Wherever I pay my tax that’s my home.

Craig P

I’m Scottish, my parents are Scottish, my wife is Scottish, our kids are Scottish, my neighbours for two doors on either side are Scottish and a large number of my friends are Scottish. 
 
Feeling a bit white bread amongst all youse cosmopolitan foreigners!

Paula Rose

@ Craig P – must be the best country in the world – everyone wants to live here xx

X_Sticks

Paula Rose says:
 
“must be the best country in the world”
 
Maybe that’s why our neighbour wants to own us. 

Dex

Let’s not forget that this same son of hers now lives in France and hasn’t set foot in Scotland for years. JUST SAYING. 

Beastie

Ah, excellent piece well aimed at the ridiculous approach of the person who is only one letter short of being actual fruit; instead of just appearing to have the same intelligence level.

Her ‘foreigner’ pish is exactly that; pish. I am Scottish; spent seven years or so in England. Does that make me somehow less Scottish? My accent got stronger down there; I think it may have been an allergic reaction to the thought of acquiring the local ‘London on Sea’ accent Pompey natives have. My equally Scottish sister lives in France; I’m pretty sure she talks in a decent Scottish accent which forever marks her as Scottish anyway, and I’m almost certain she’s not actually French even though she speaks the language fluently and has embraced at least the grape related aspects of the culture. My best mate now lives in Canada, married to a Canadian, but I don’t catch him saying ‘aboot’ as many Canadians do… his wife once came out with probably the funniest thing I’ve heard ‘No, that’s just people from Ontario; I don’t say aboot, I say aboot….’ said in all seriousness. Laughter was not appreciated.
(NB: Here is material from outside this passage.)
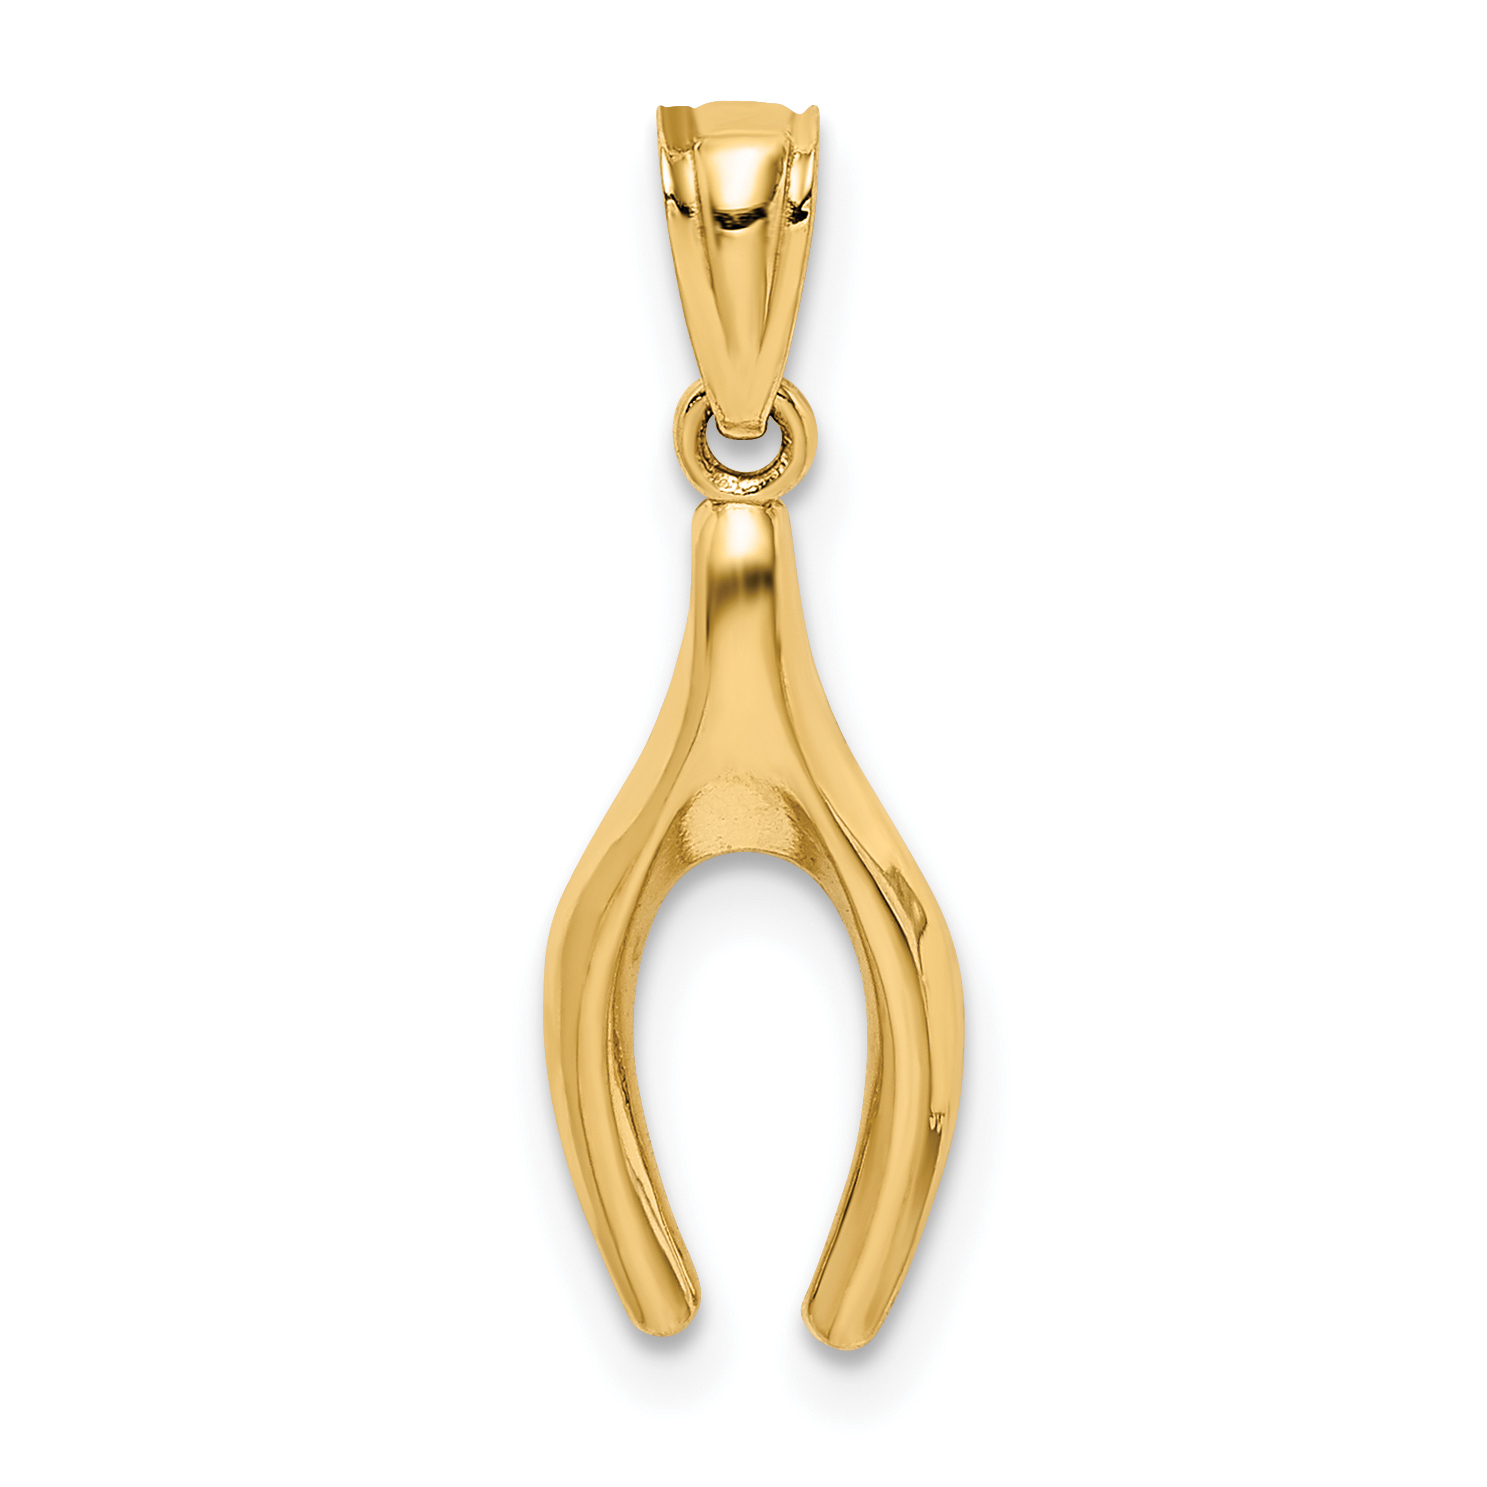 14k Yellow Gold Wish Bone Pendant Charm Necklace Good Luck Italian Horn Fine Jewelry For Women Gifts For Her - image 1 of 4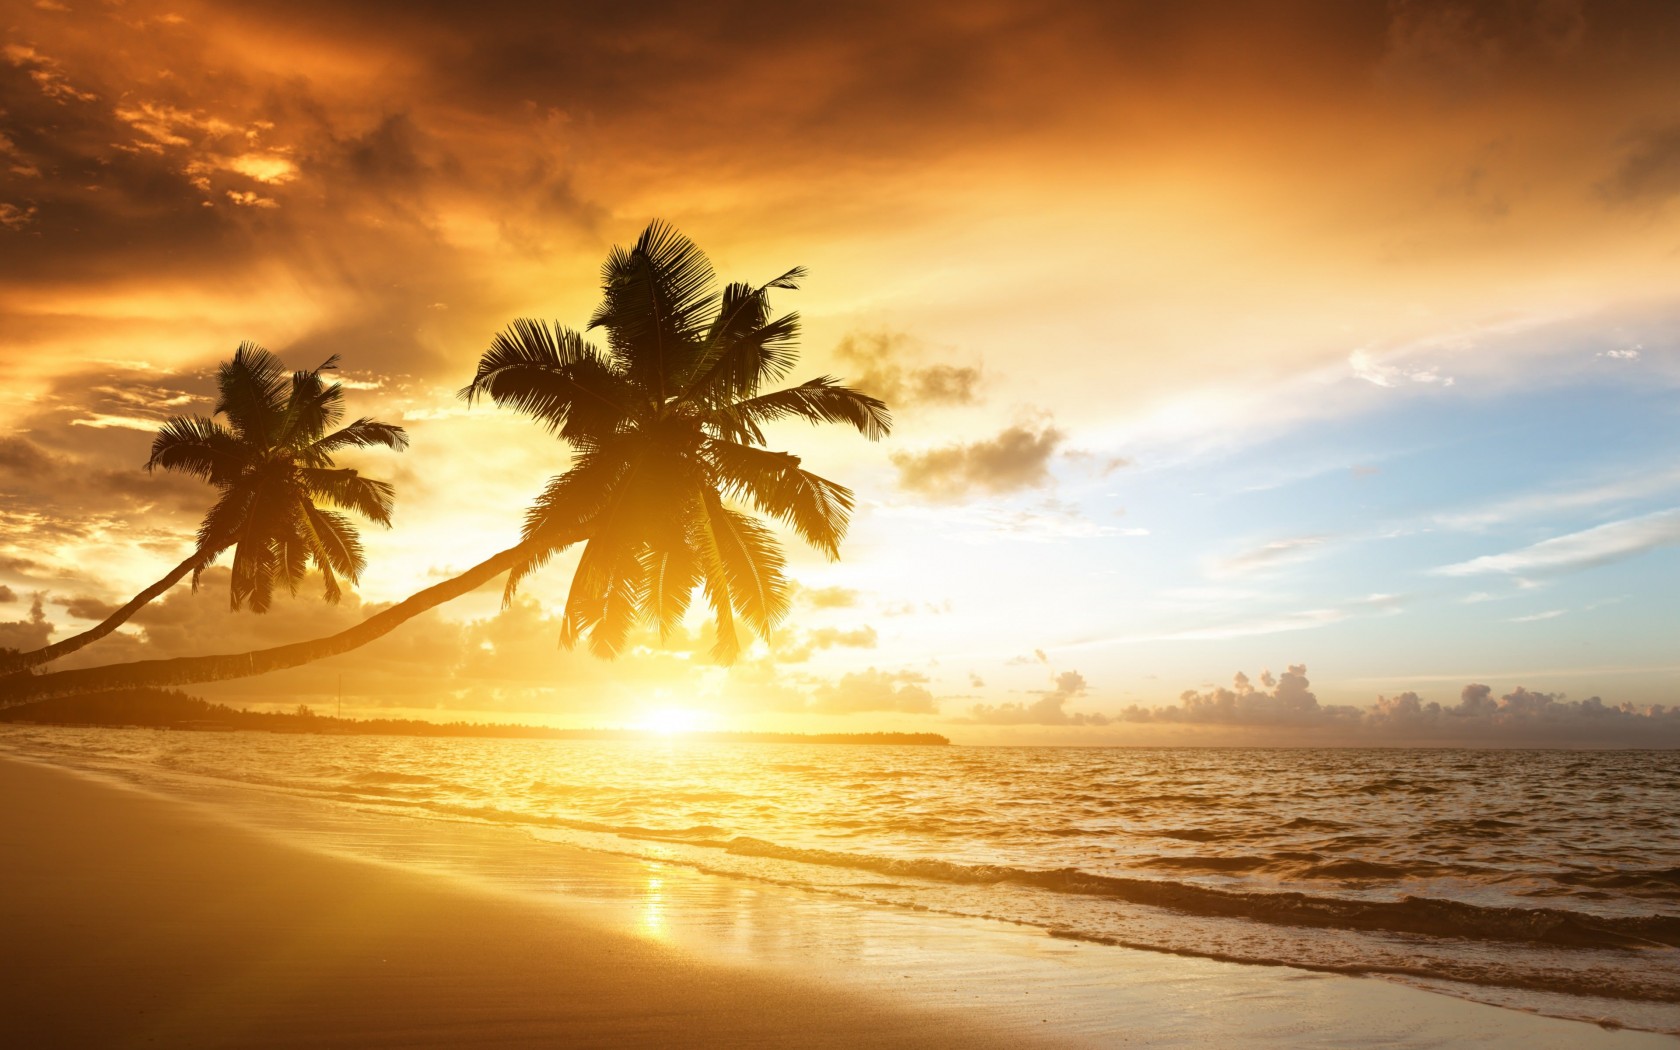 Beach With Palm Trees At Sunset Wallpaper for Desktop 1680x1050

The point is these people remain Scottish regardless of where they are in the world because they believe they are Scottish first and foremost. Living somewhere outside your country of birth does not make you a foreigner, and indeed I find the term foreigner pretty much exclusively used in a xenophobic way anyway. Living somewhere does not make you a different person. It means nothing more than you live somewhere else.